*Description of the task*.
Output the data in full. Keep every word exact and exclude the pictures.

*Provided material*.

►

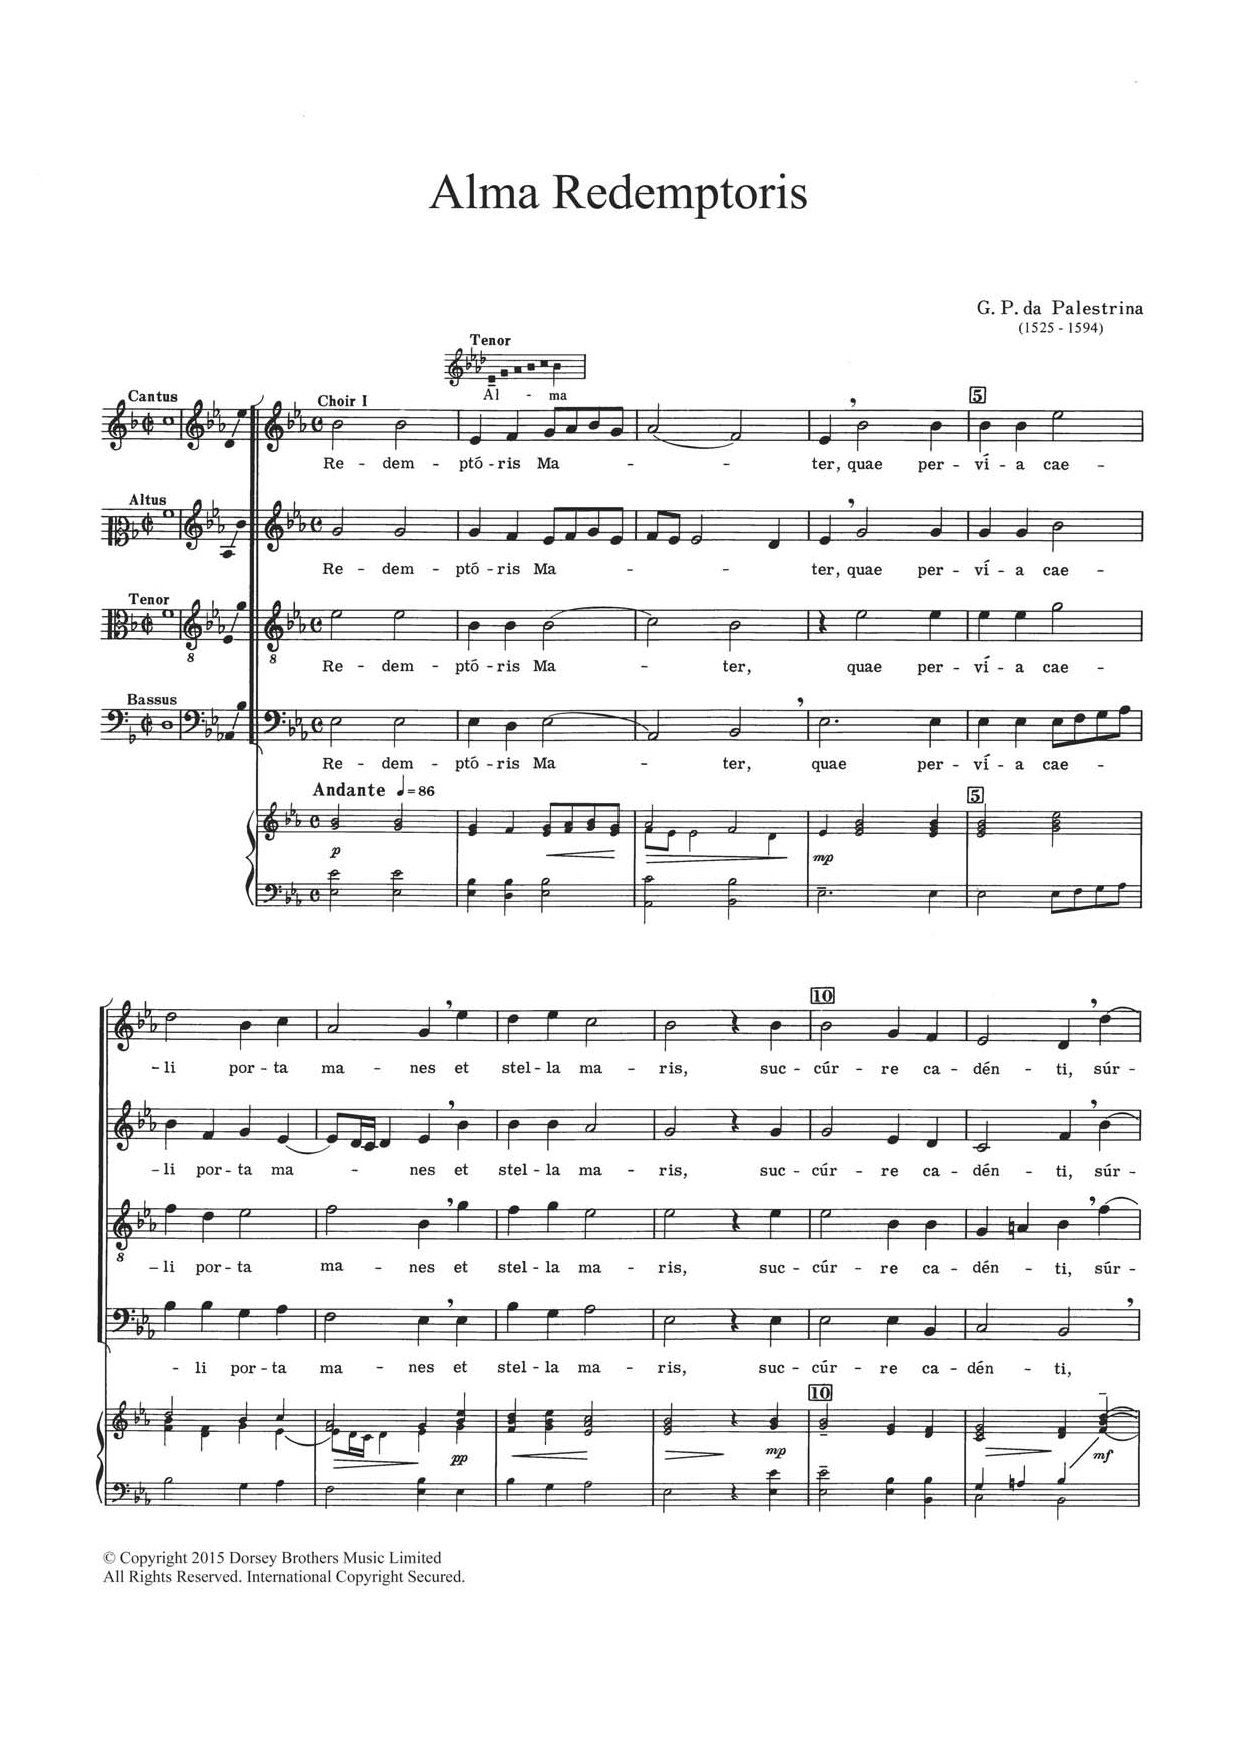 Download Giovanni Palestrina Alma Redemptoris Sheet Music
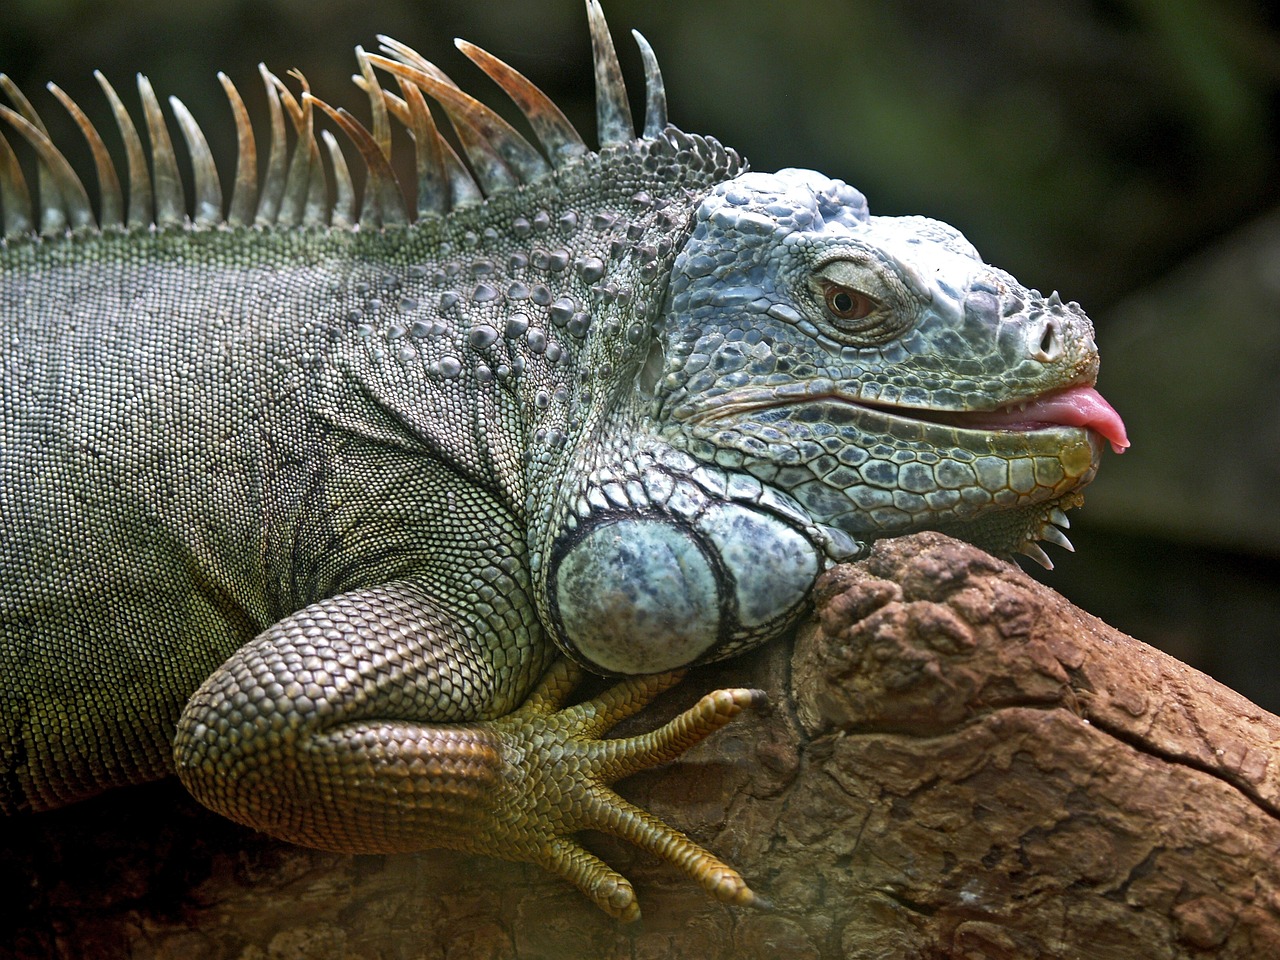 a close up of a lizard on a rock, by Robert Brackman, sumatraism, iguana, drooling, version 3, pet animal
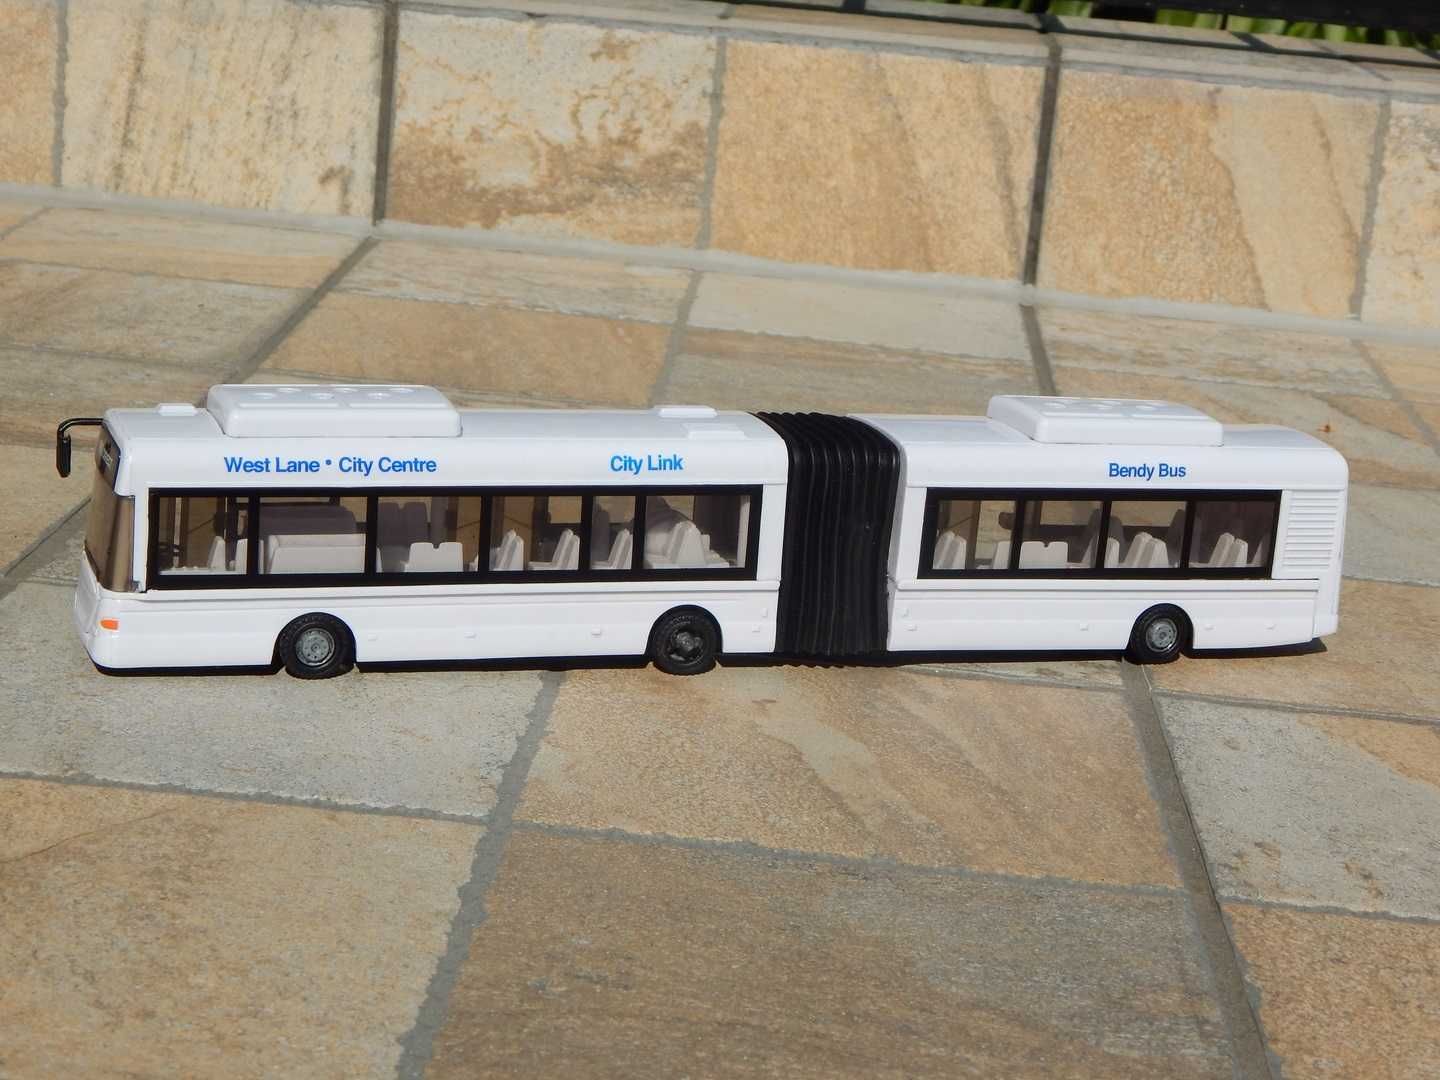 Macheta jucarie plastic autobuz articulat 40 cm lungime
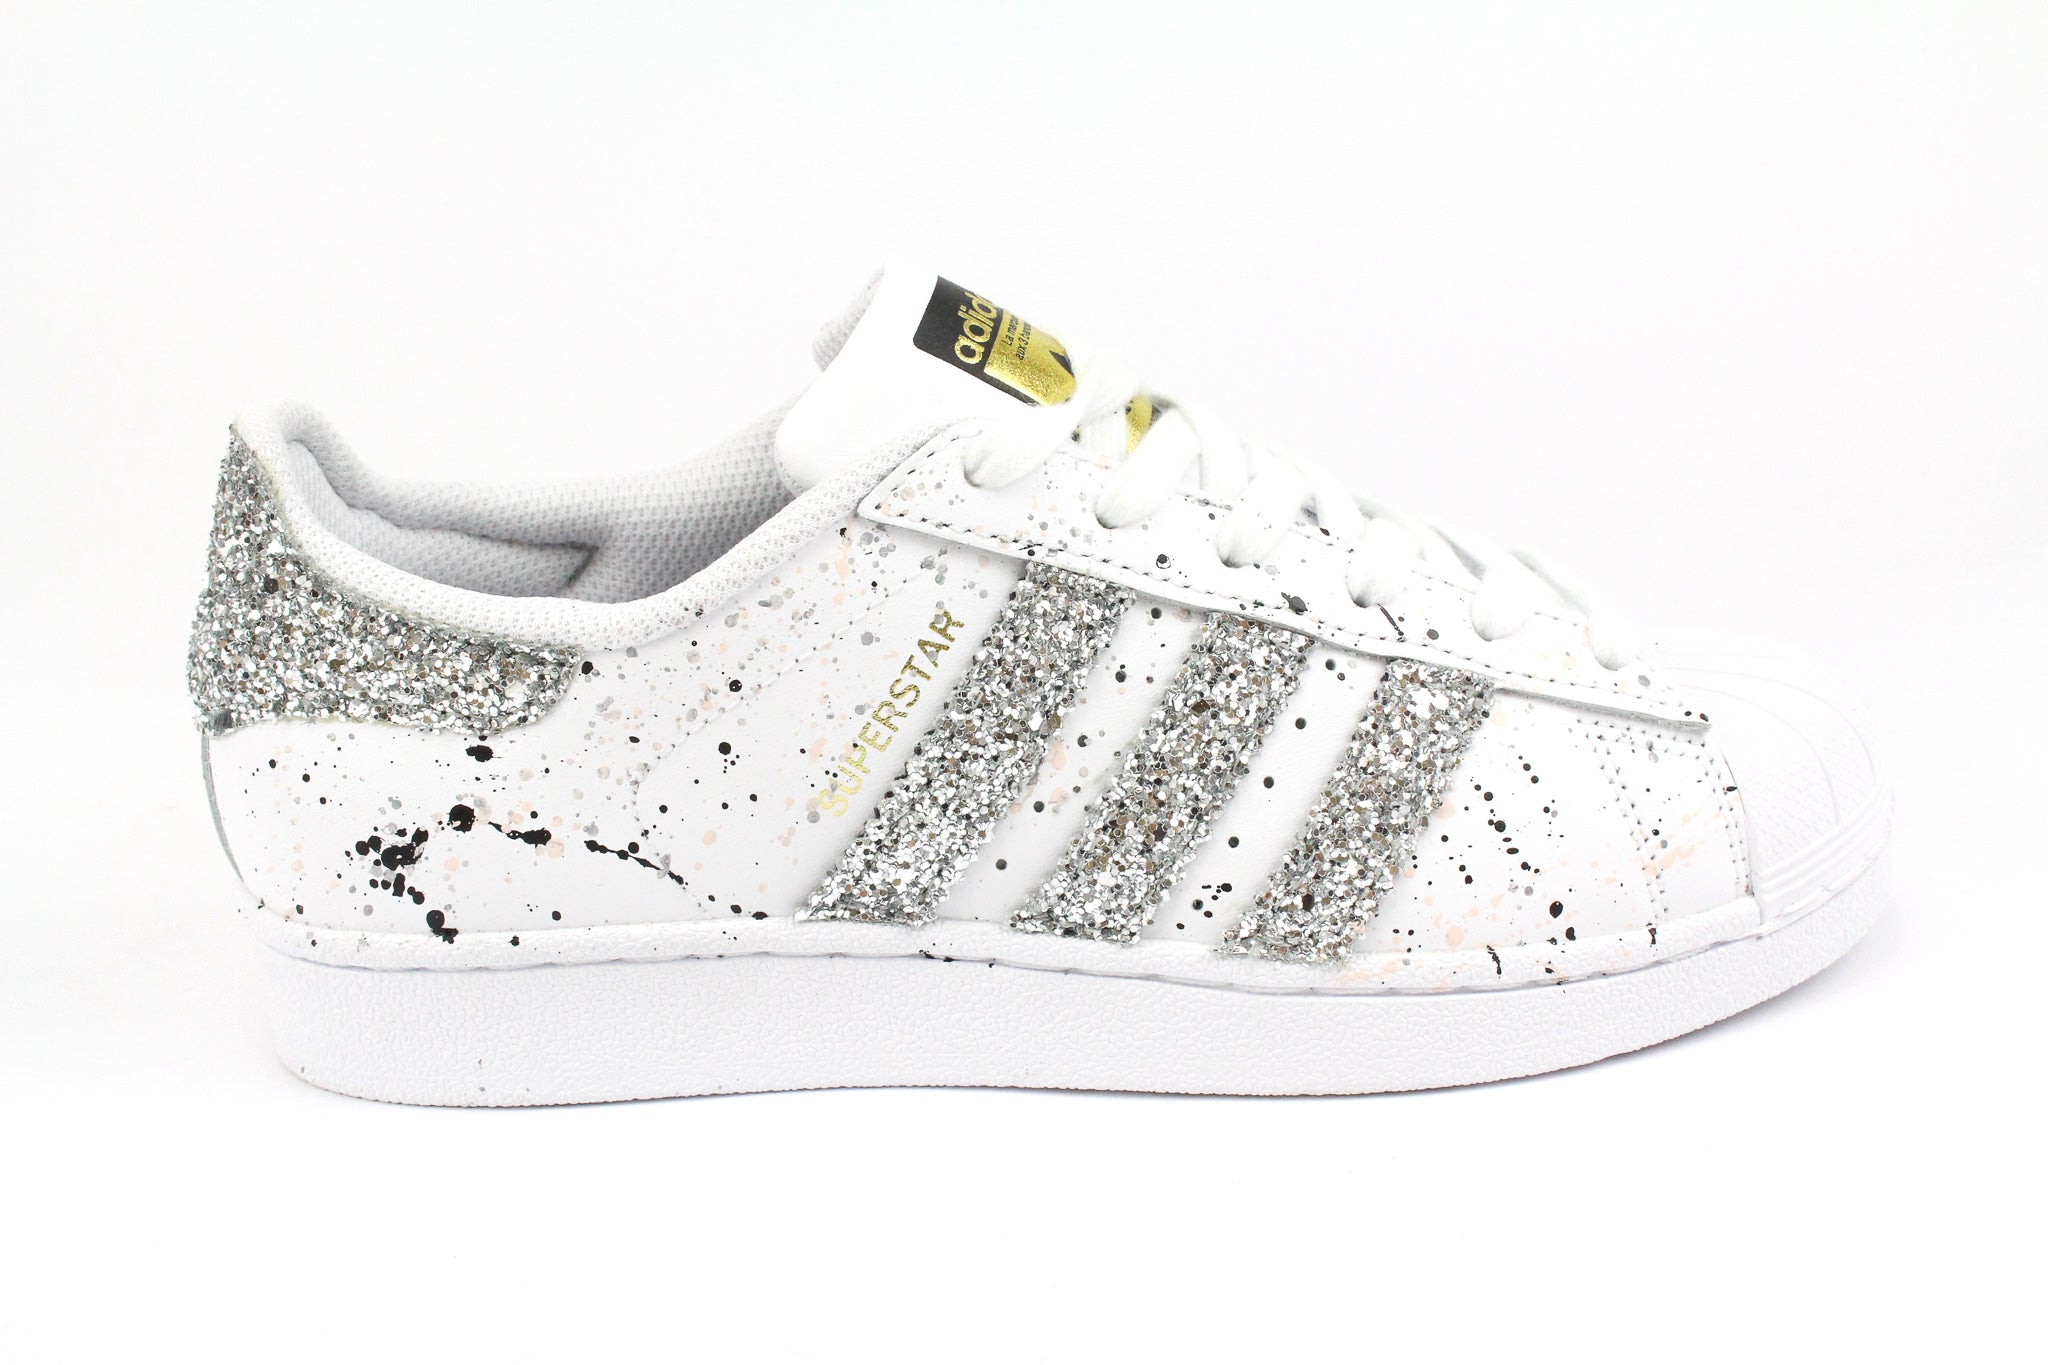 Adidas Superstar Silver Glitter & Vernice

◄

*Answer below*.
 Download Giovanni Palestrina Alma Redemptoris Sheet Music
 a close up of a lizard on a rock, by Robert Brackman, sumatraism, iguana, drooling, version 3, pet animal
 Macheta jucarie plastic autobuz articulat 40 cm lungime
 Adidas Superstar Silver Glitter & Vernice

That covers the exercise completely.